The full-on party happens in the main arena, but the VIP area is a place to relax with a proper cocktail in-hand. We’ve spent a lot of money on the area this time and it’s resulted in a real New York feel that I’m sure our attendees will love.
FI: Which sponsors are you working with this year, and closely do you liaise with them in determining what form their activations will take onsite?
SL: We work extremely closely with them, we’re very hands-on. We’ve been working alongside our partners for six months on this edition.
Sometimes it’s difficult. I understand that sponsors want their money’s worth and their inclination is to have their branding on everything. We understand that our customers don’t necessarily want that though, and so it’s about finding a balance.
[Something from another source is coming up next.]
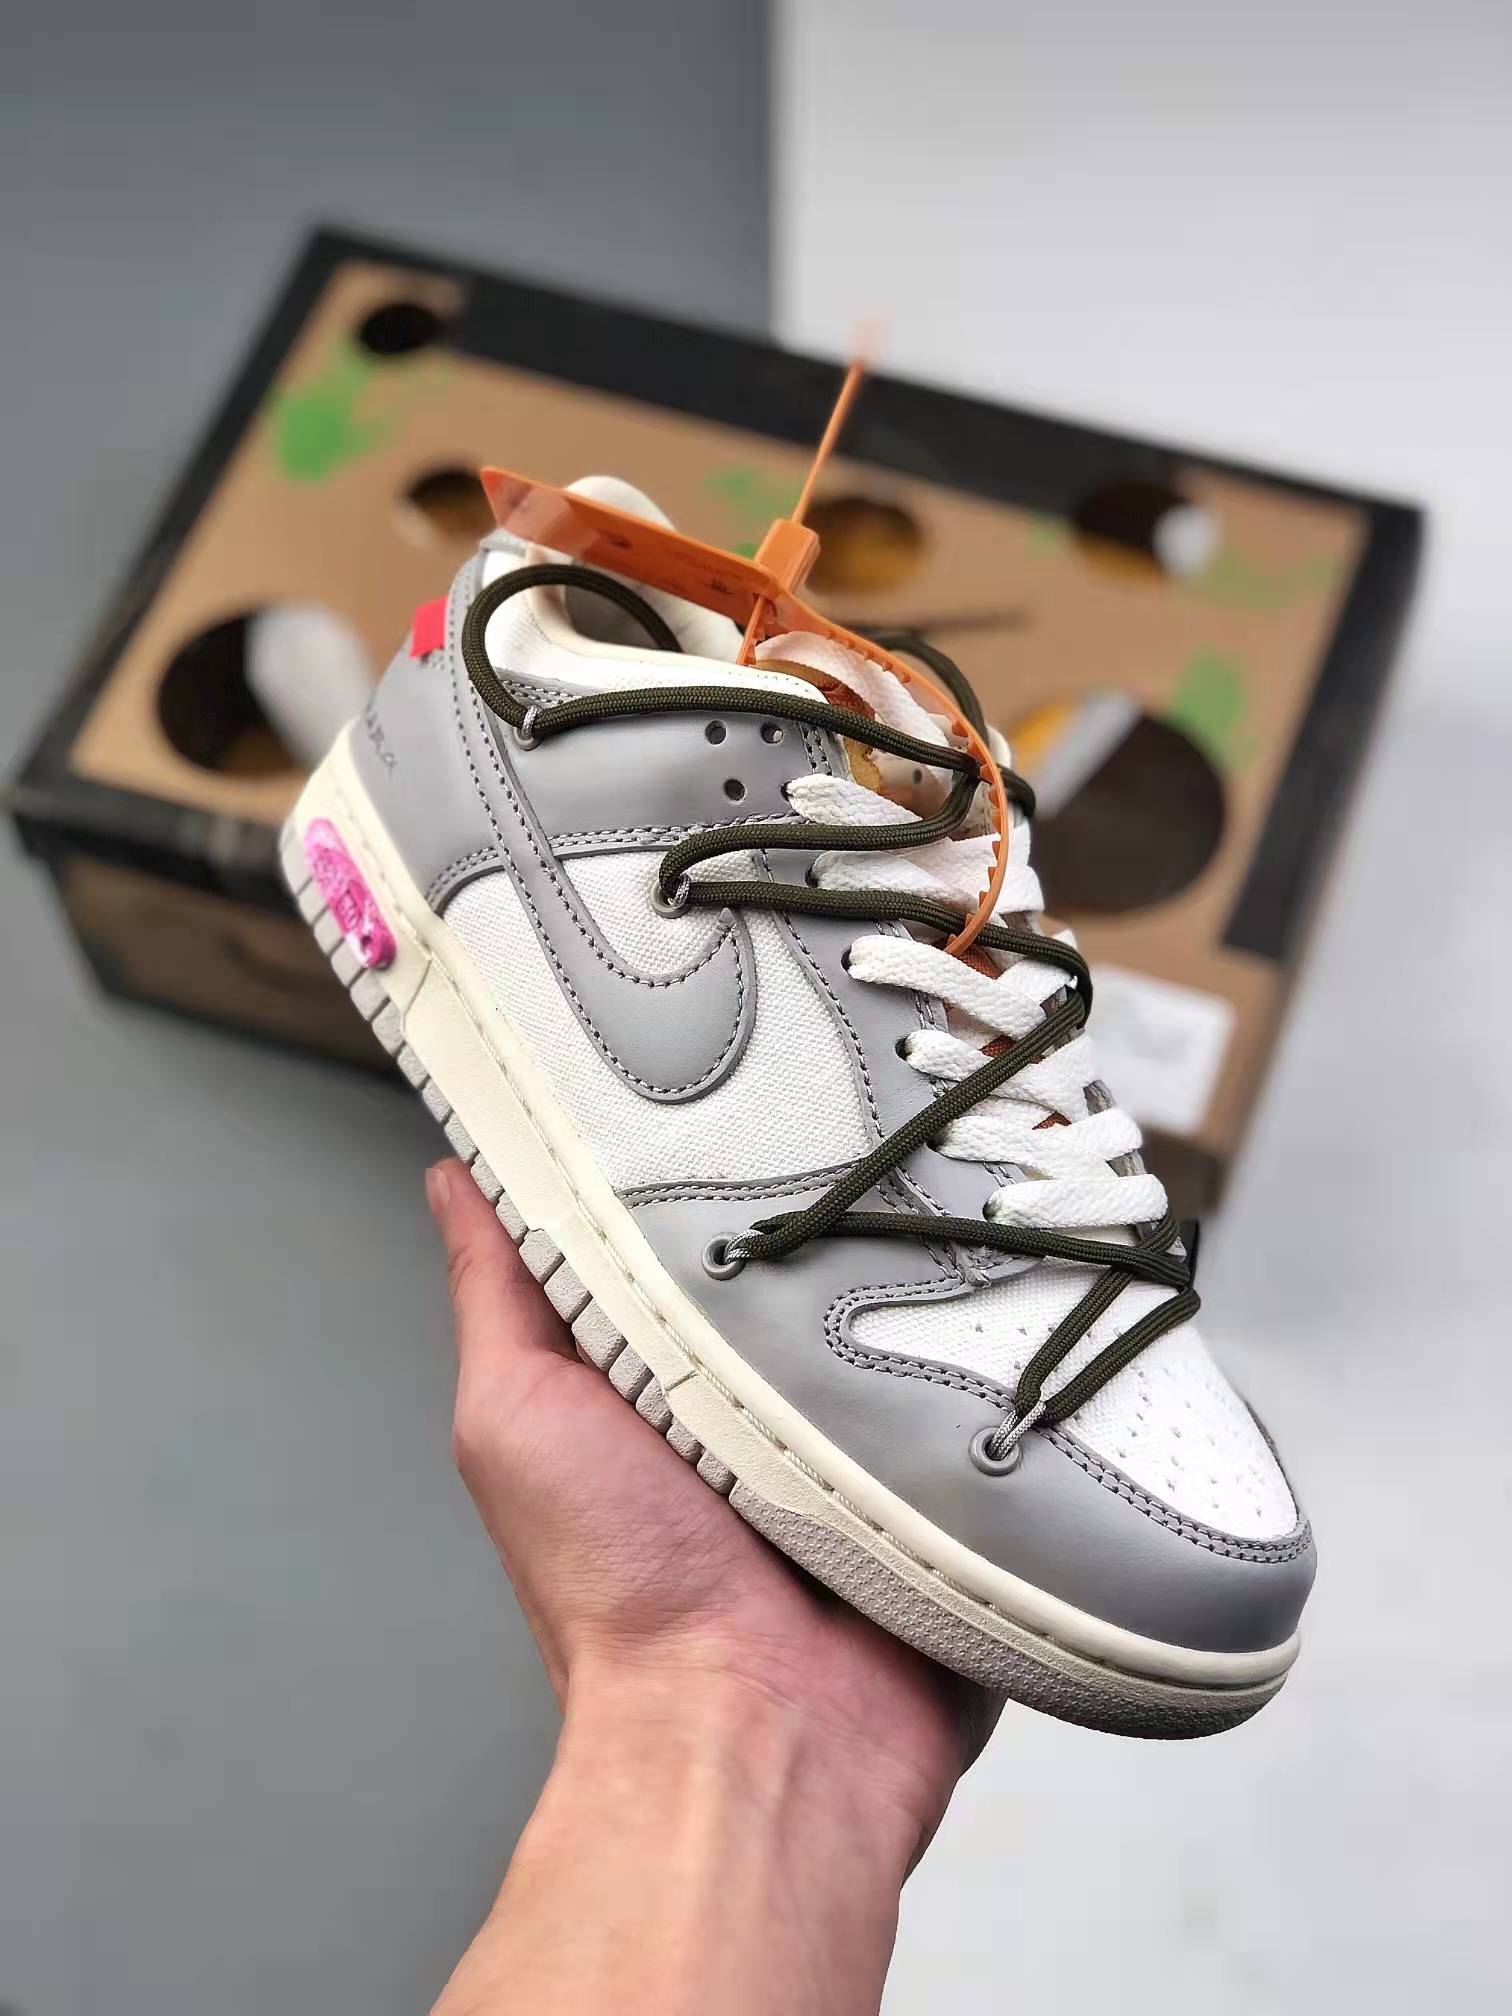 Nike Off-White Dunk Low 'Lot 14 of 50' DJ0950-106 - Limited Edition Collaboration Sneakers

We’ve used a different company this year for sponsorship. It’s been an interesting year for sure, and we’ve been able to achieve things we couldn’t previously.
FI: Mitigating the threat of terrorism is a more pertinent issue than ever for the live events industry, for obvious reasons. Occuring in such close proximity to one of the UK’s recent tragedies, I imagine it must be nerve-wracking to run a high-profile festival right now. Are there any additional security measures you’ll be taking this year?
SL: Of course, and we can’t ignore this. We’ve had endless meetings with counterrorism specialists, and as it turns out we were already doing everything they suggested. However we want to go beyond that. For example, there are talks of having concrete barriers installed on the perimetre of the park in an effort to prevent a car attack.
These atrocities have changed the club, gig and festival scenes forever. We’re dealing with a different monster now. It’s very sad when you want to put a party on and there have to be police with machine guns on the entrances – I mean what kind of time are we living in?
We have got something very nice planned as a tribute to the victims though. I would urge everybody to be at the main stage on the Saturday at 9pm, just before The 1975 go on.